Data
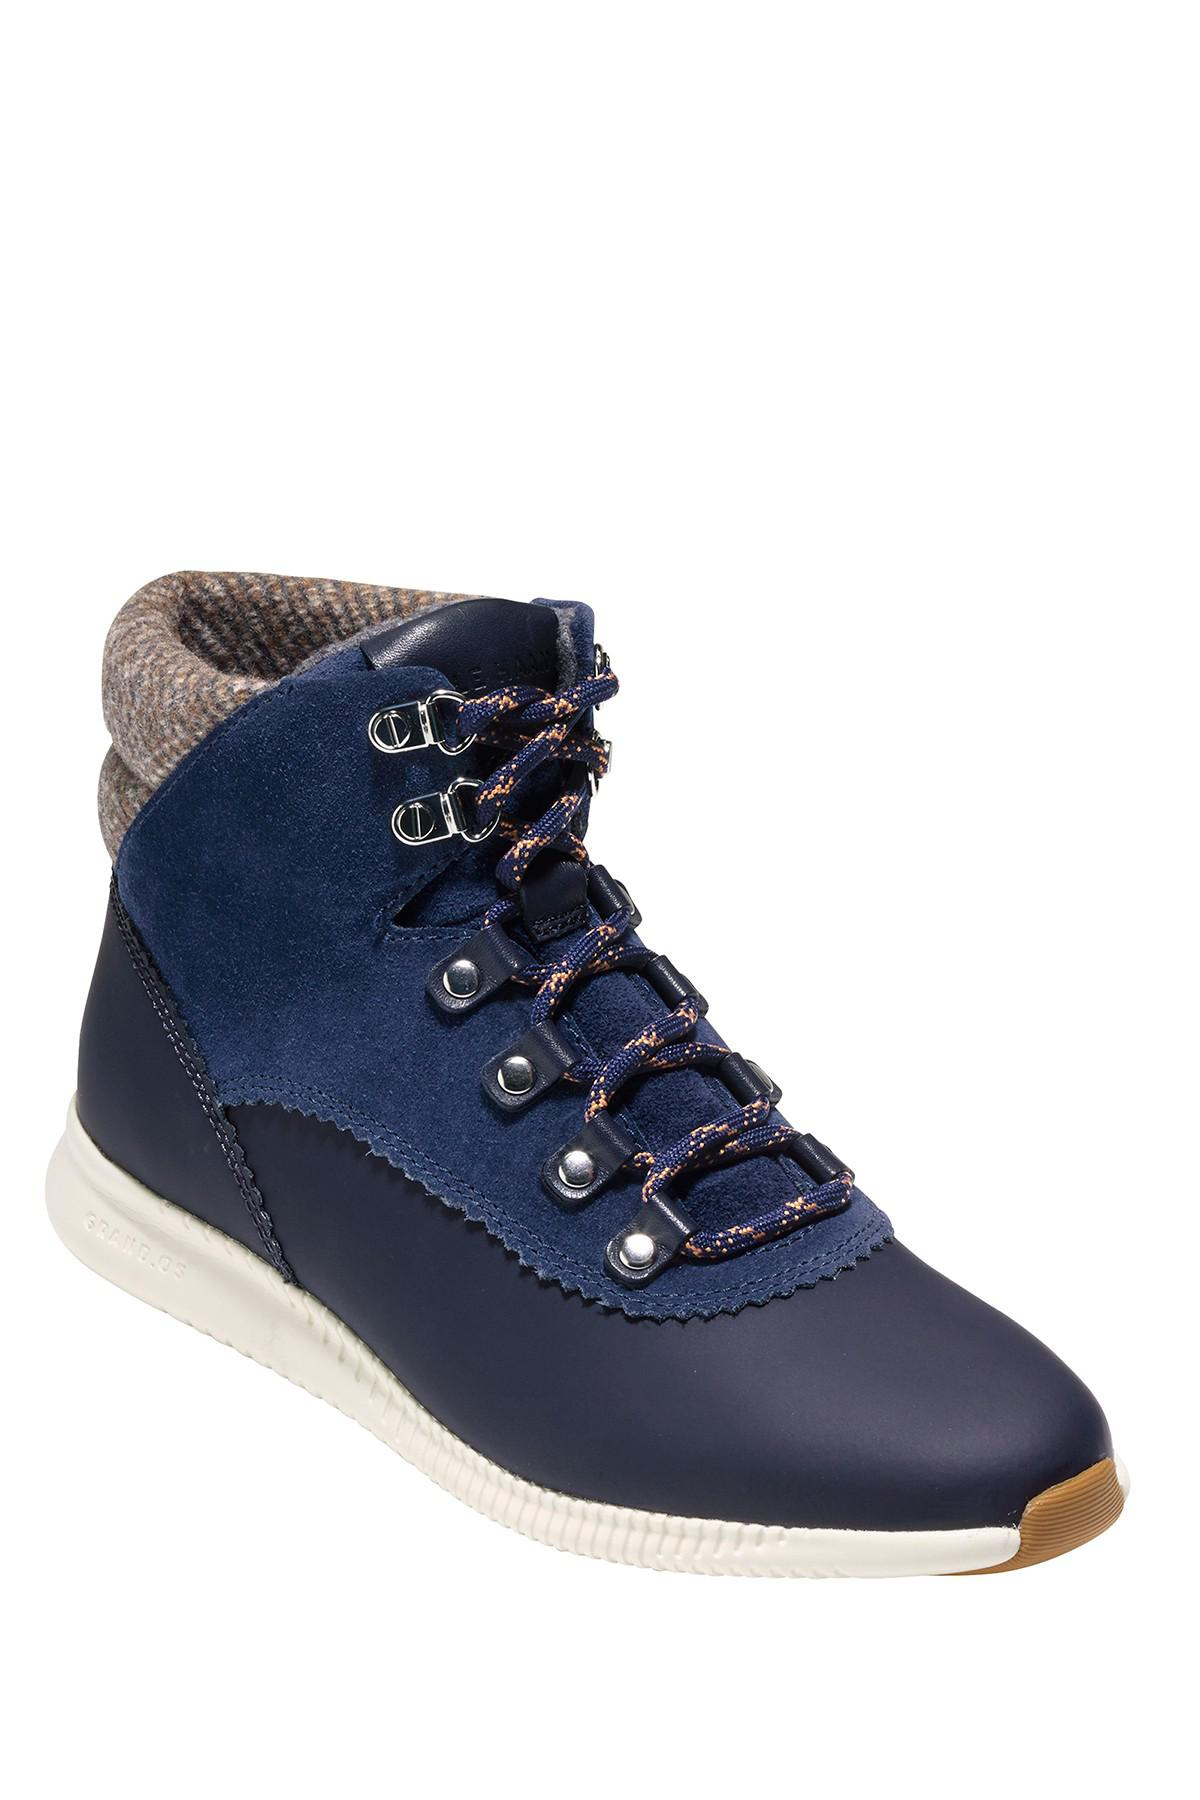 7410417fc3042 Lyst - Cole Haan Zerogrand Waterproof Hiking Boot in Blue
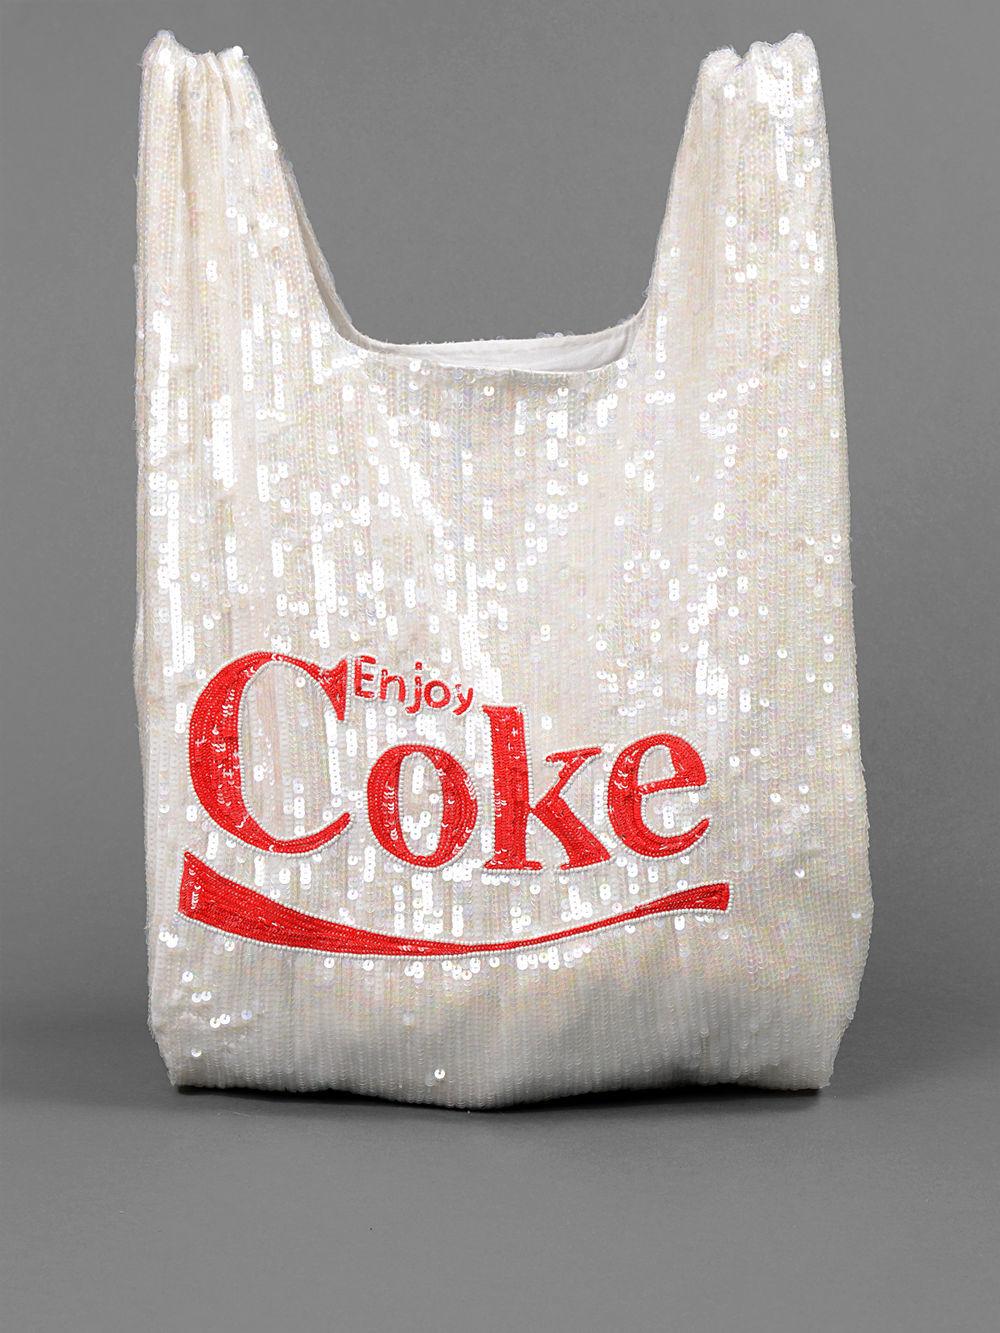 "ASHISH ""ENJOY COKE"" GROCERY BAG                                                        PRICE € 330   You can get it here >>   ASHISH  << Click"
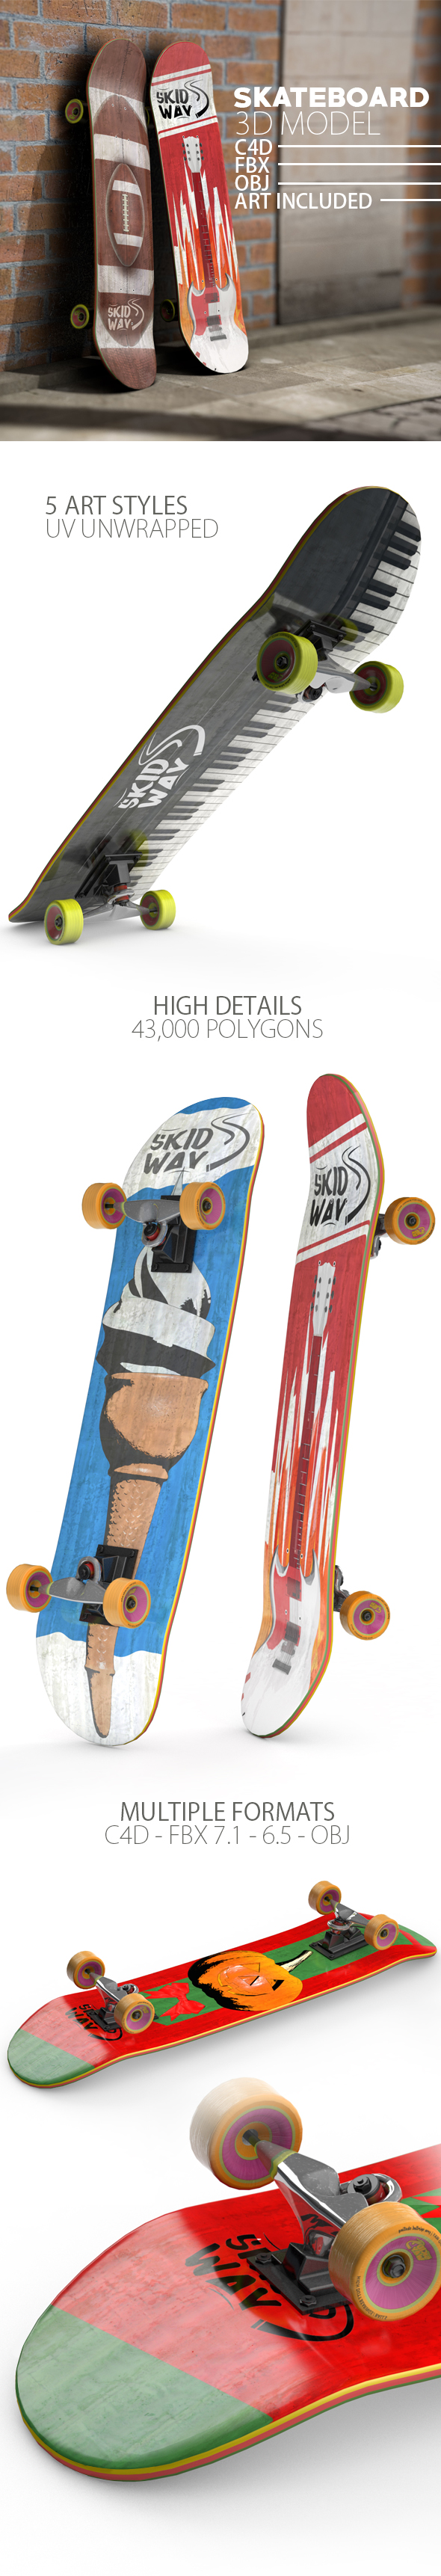 Skateboard Unwrapped 3D Model - 3DOcean Item for Sale
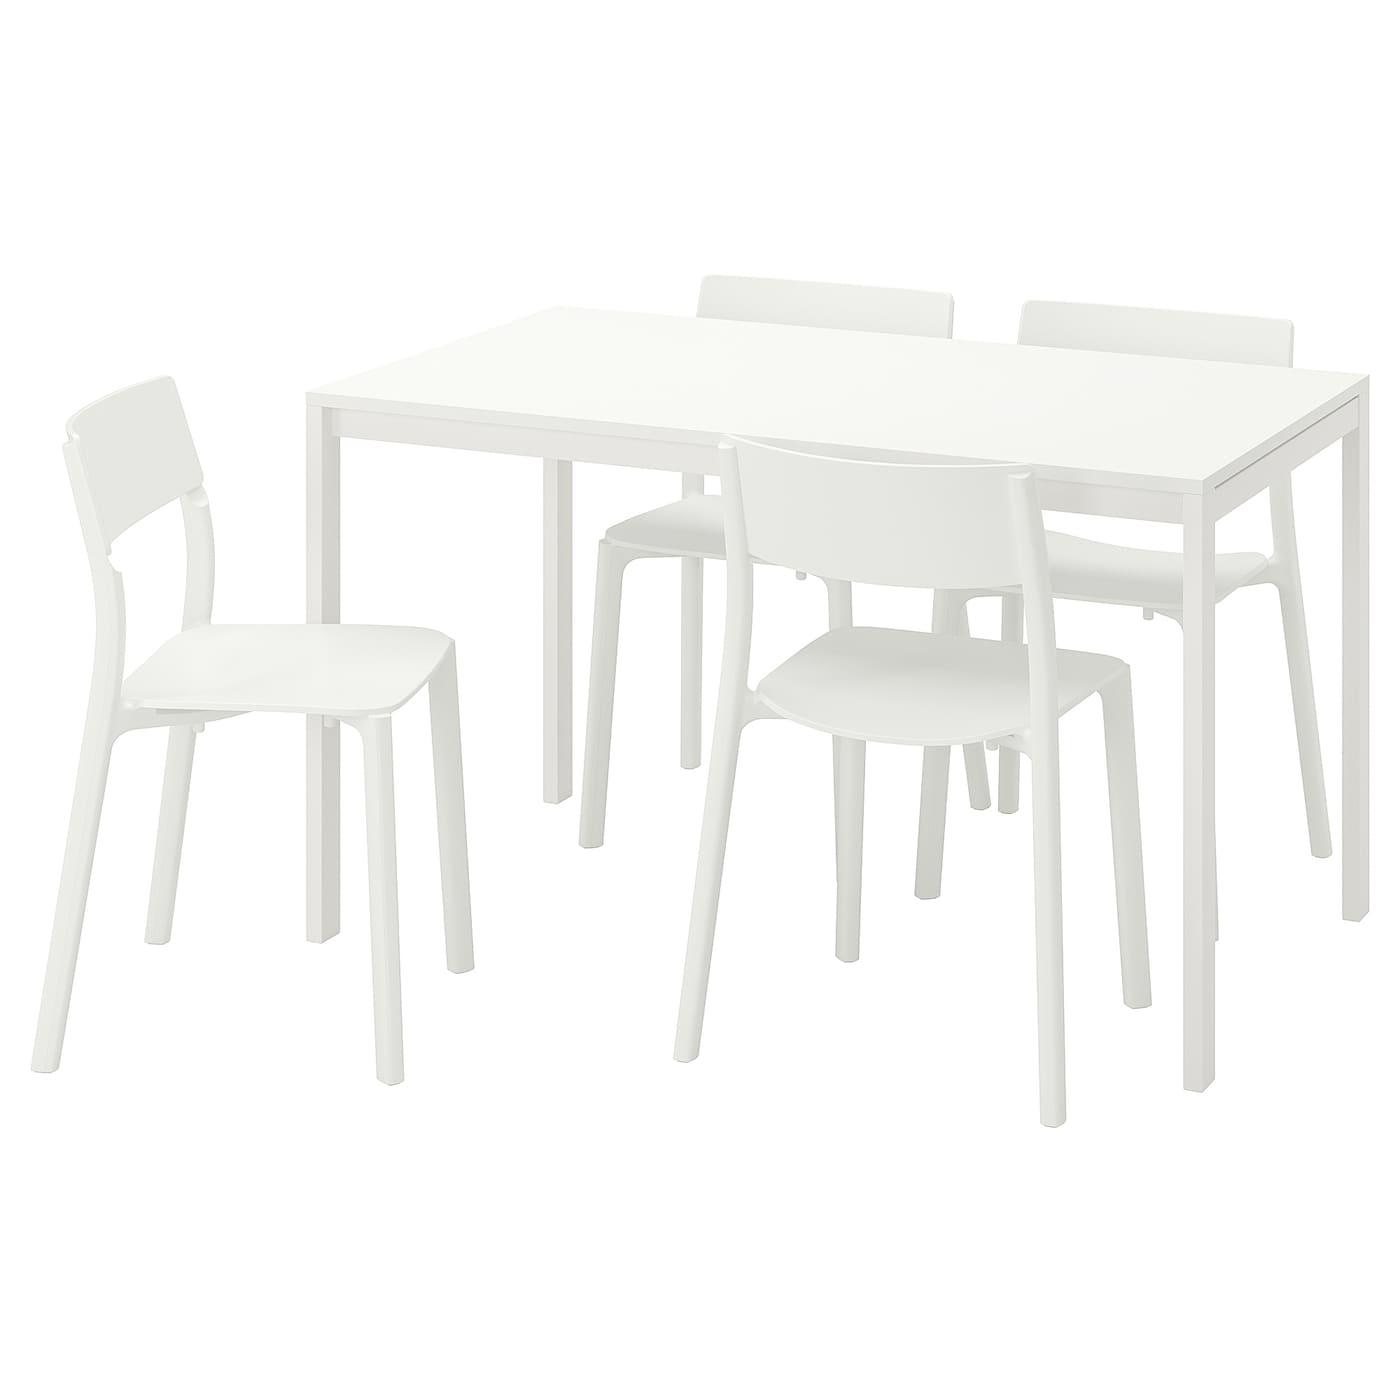 MELLTORP JANINGE Tavolo e 4 sedie bianco, bianco 125 cm

Work to complete
An exact copy of the material above is required, minus its images.

Expected answer
 7410417fc3042 Lyst - Cole Haan Zerogrand Waterproof Hiking Boot in Blue
 "ASHISH ""ENJOY COKE"" GROCERY BAG                                                        PRICE € 330   You can get it here >>   ASHISH  << Click"
 Skateboard Unwrapped 3D Model - 3DOcean Item for Sale
 MELLTORP JANINGE Tavolo e 4 sedie bianco, bianco 125 cm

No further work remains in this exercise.